■ **Collected data**:
====

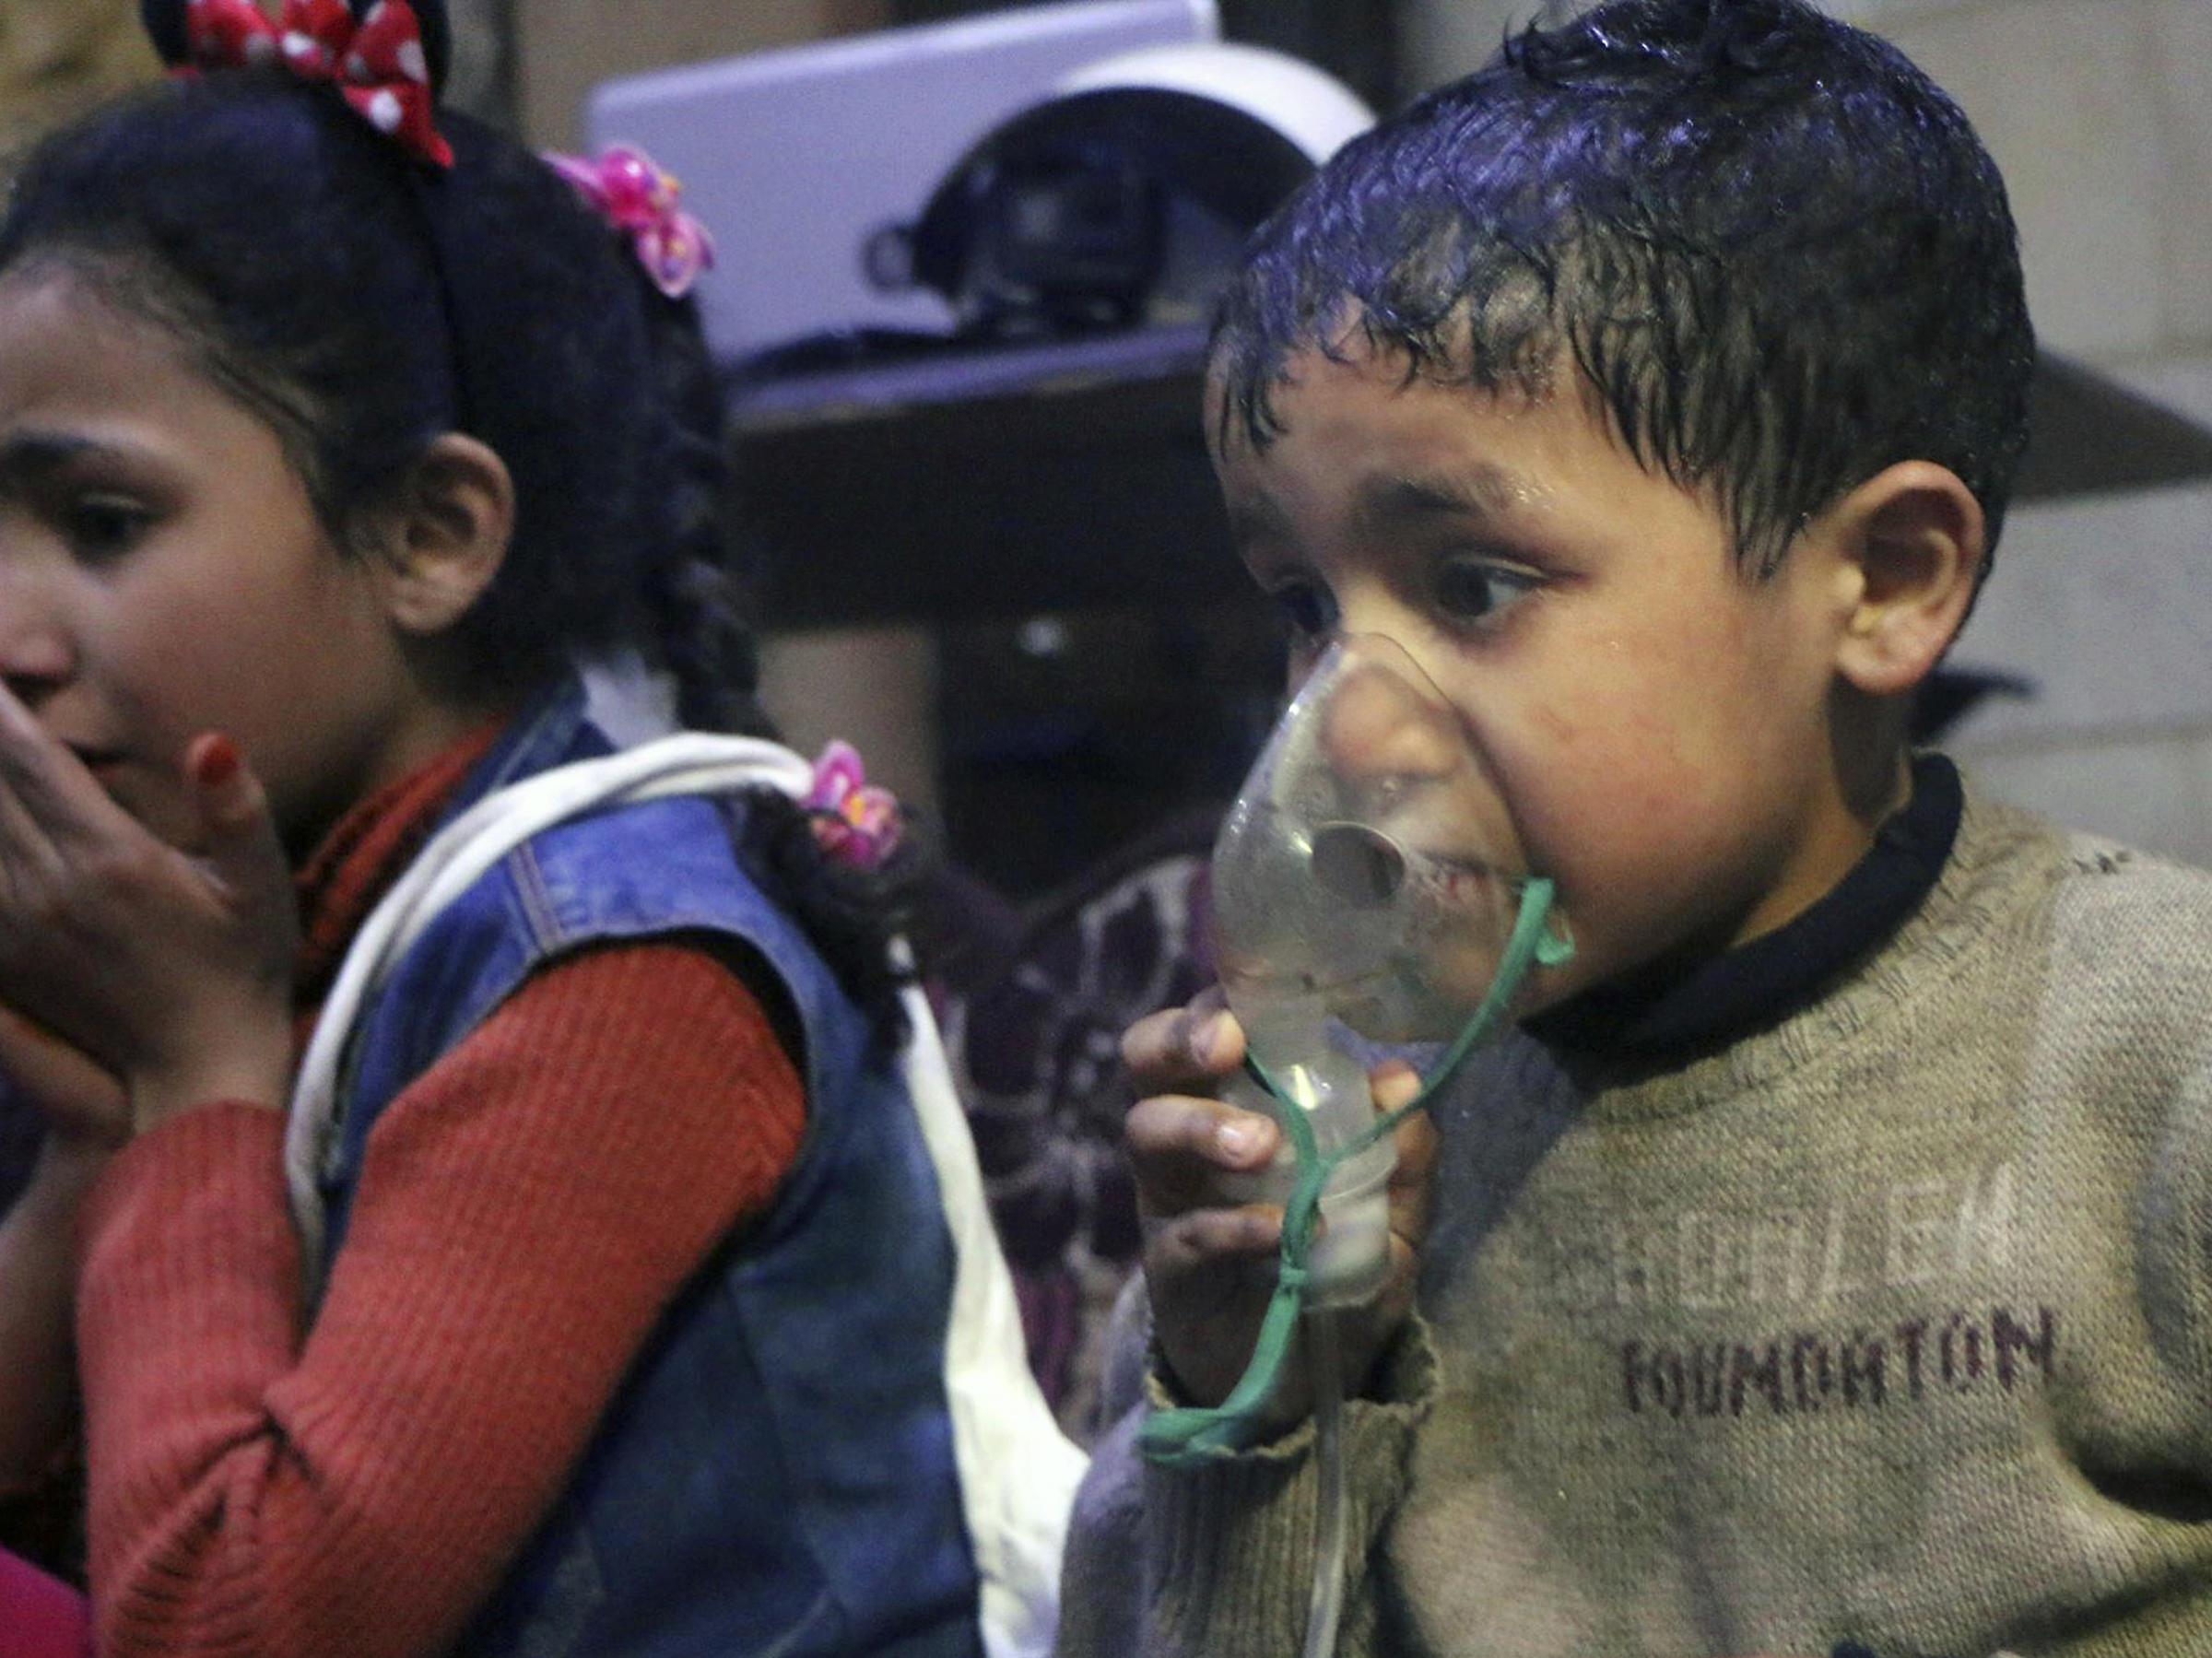 Gas attack in Syria
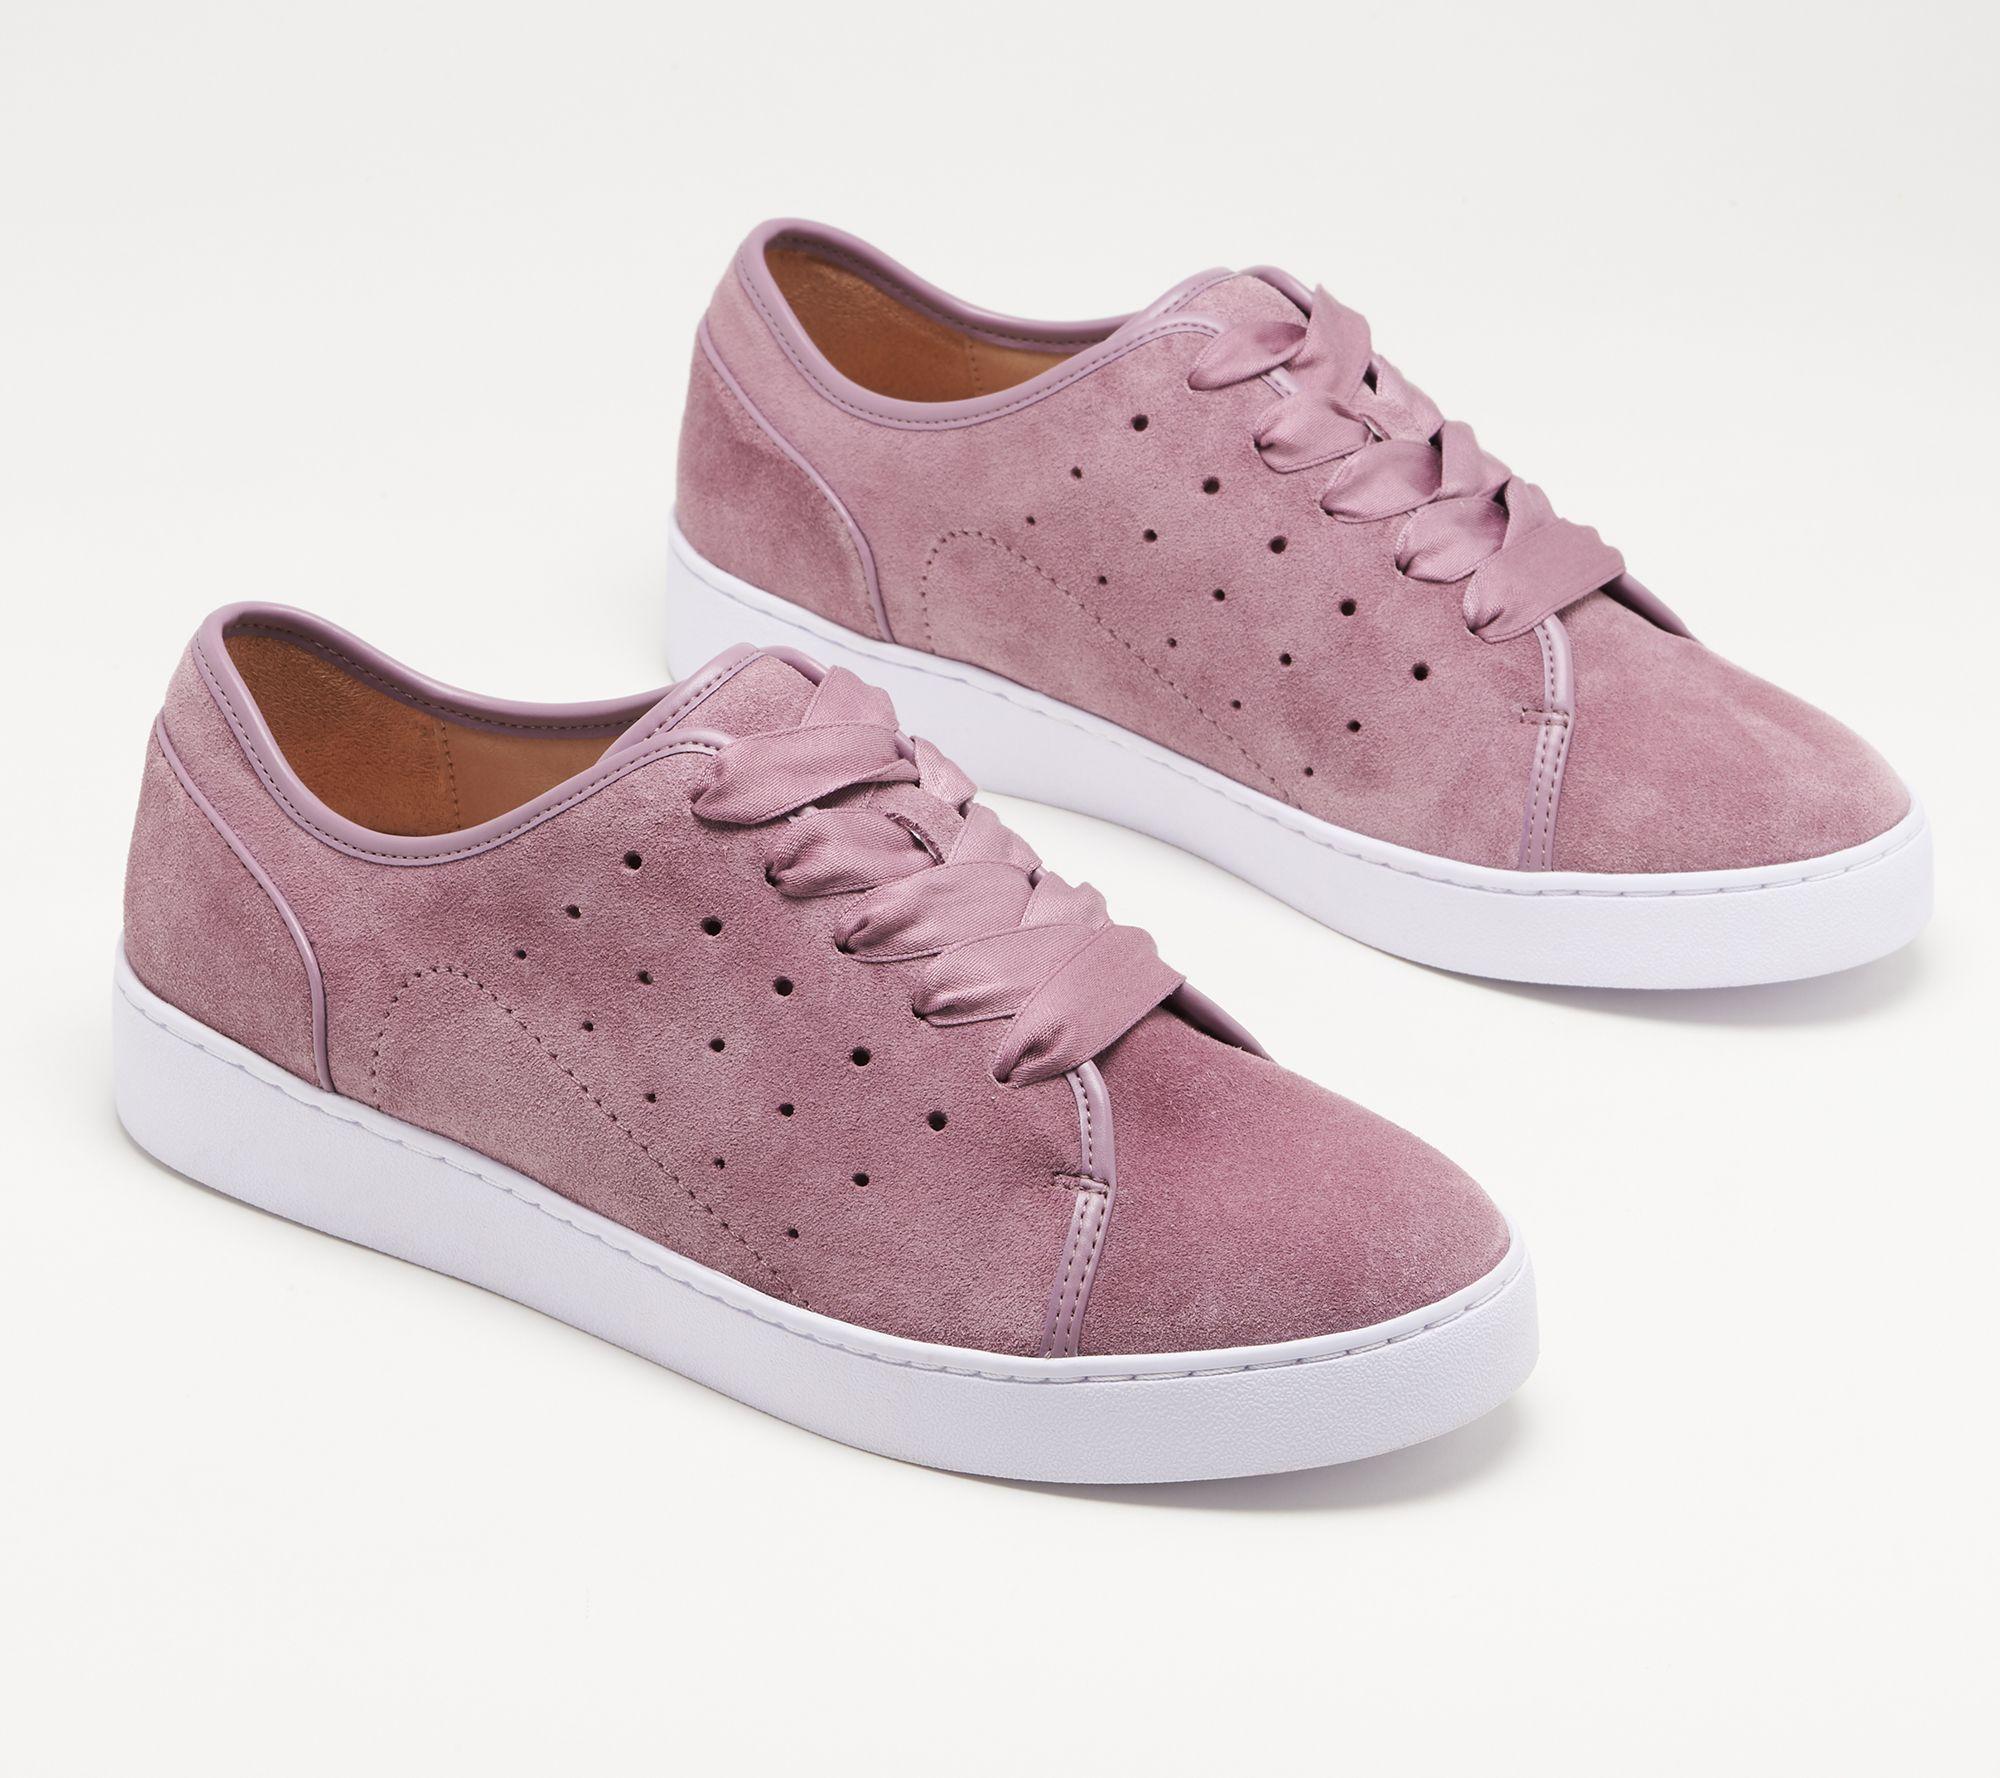 1e2eb3eee7f Vionic Suede Lace-Up Sneakers - Keke — QVC.com
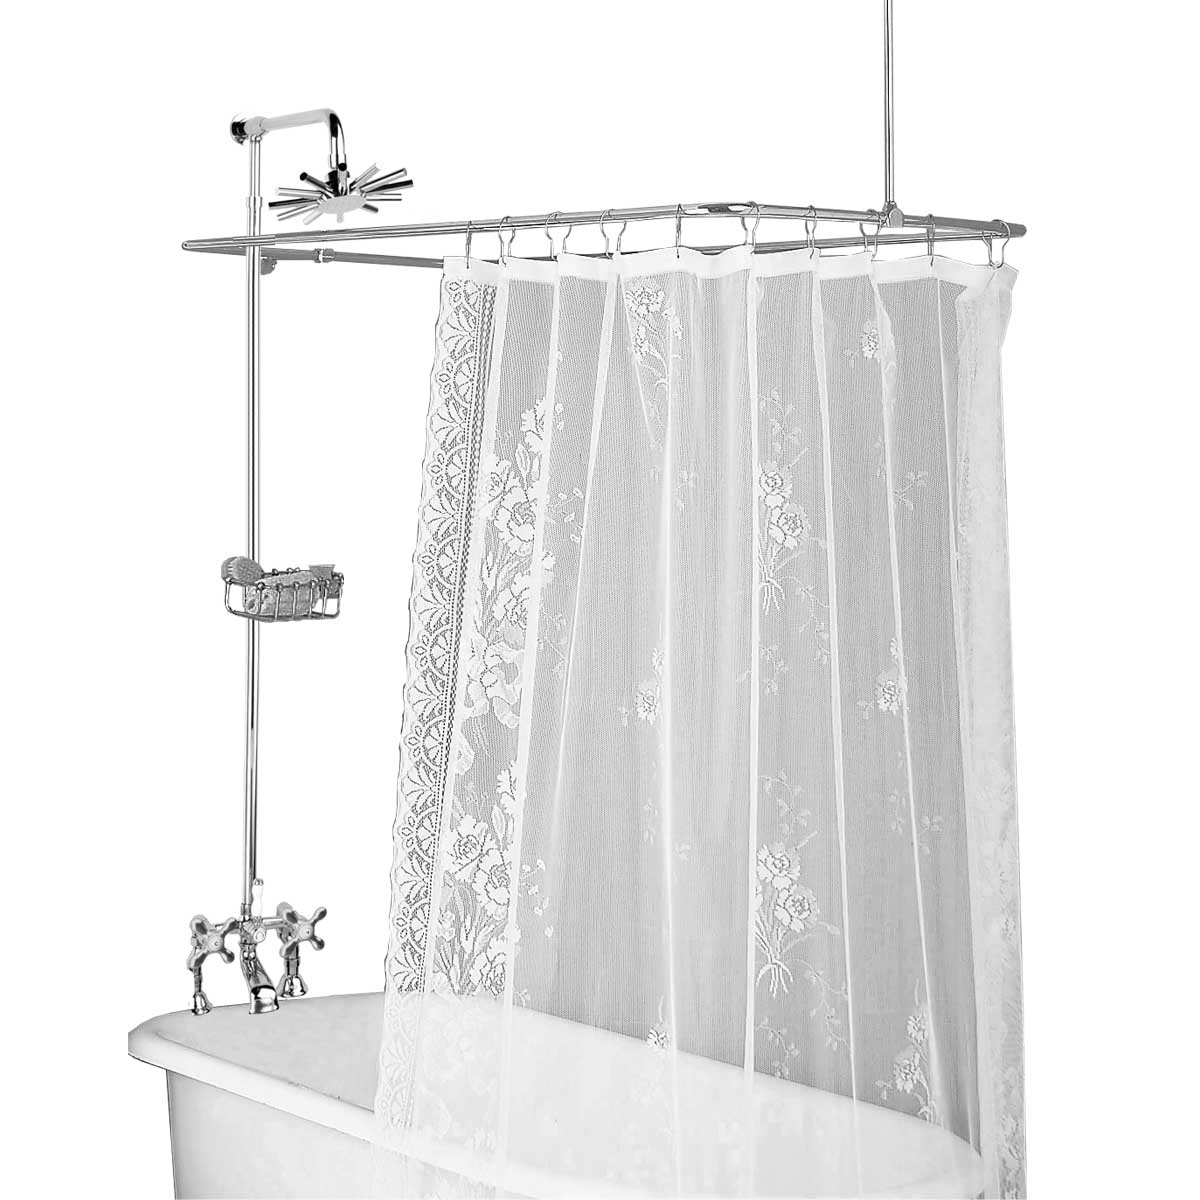 Clawfoot Tub Deck Mount Shower Set Rectangular Enclosure Renovator S Supply
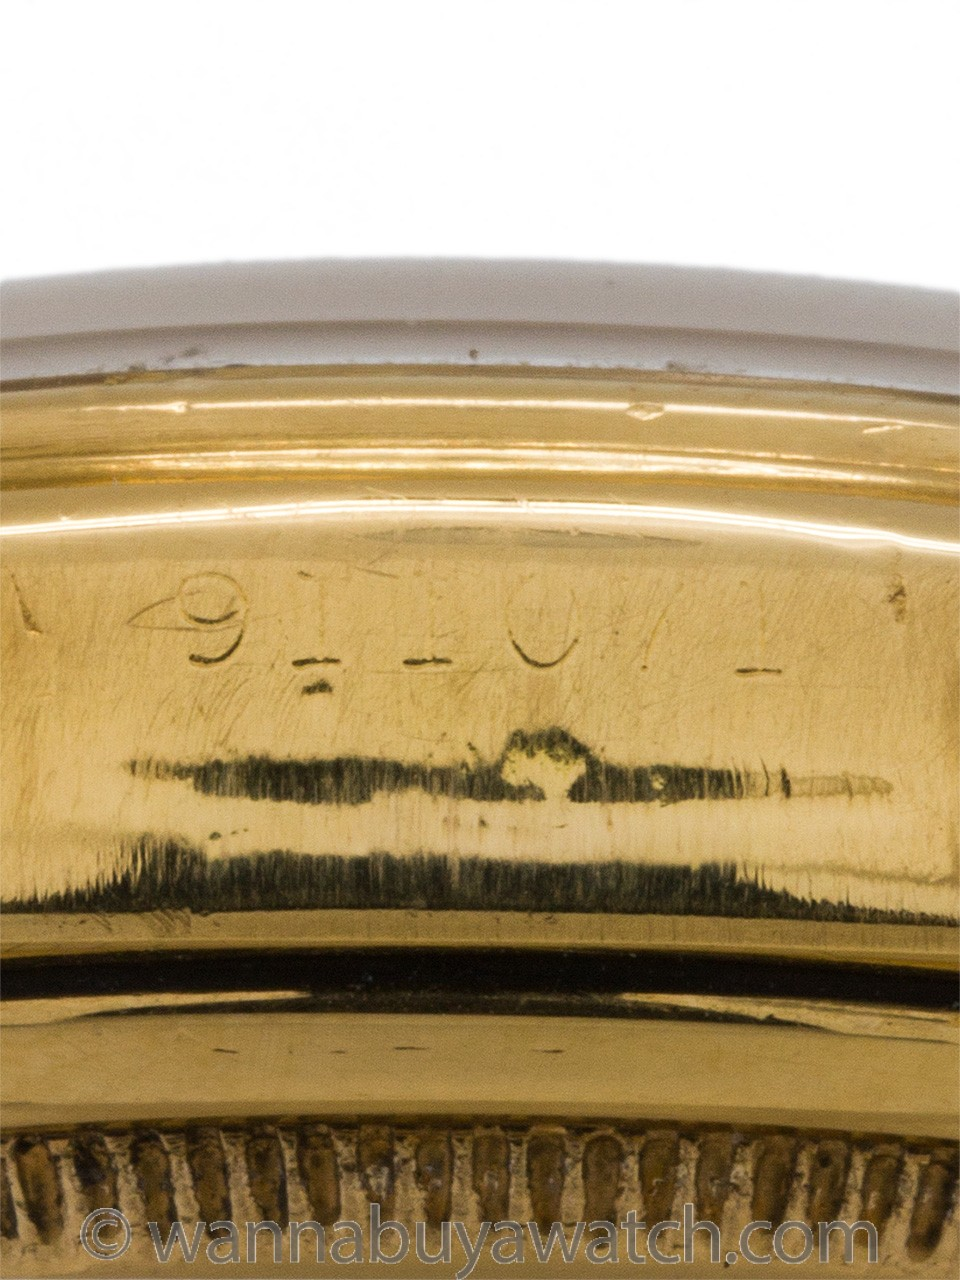 "Rolex ref 6062 Oyster Moonphase Star Dial ""Stelline"" 18K YG circa 1952"

====

■ **Exercise brief**:
Give the listing above again word for word, without its pictures.

■ **Your response**:
 Gas attack in Syria
 1e2eb3eee7f Vionic Suede Lace-Up Sneakers - Keke — QVC.com
 Clawfoot Tub Deck Mount Shower Set Rectangular Enclosure Renovator S Supply
 "Rolex ref 6062 Oyster Moonphase Star Dial ""Stelline"" 18K YG circa 1952"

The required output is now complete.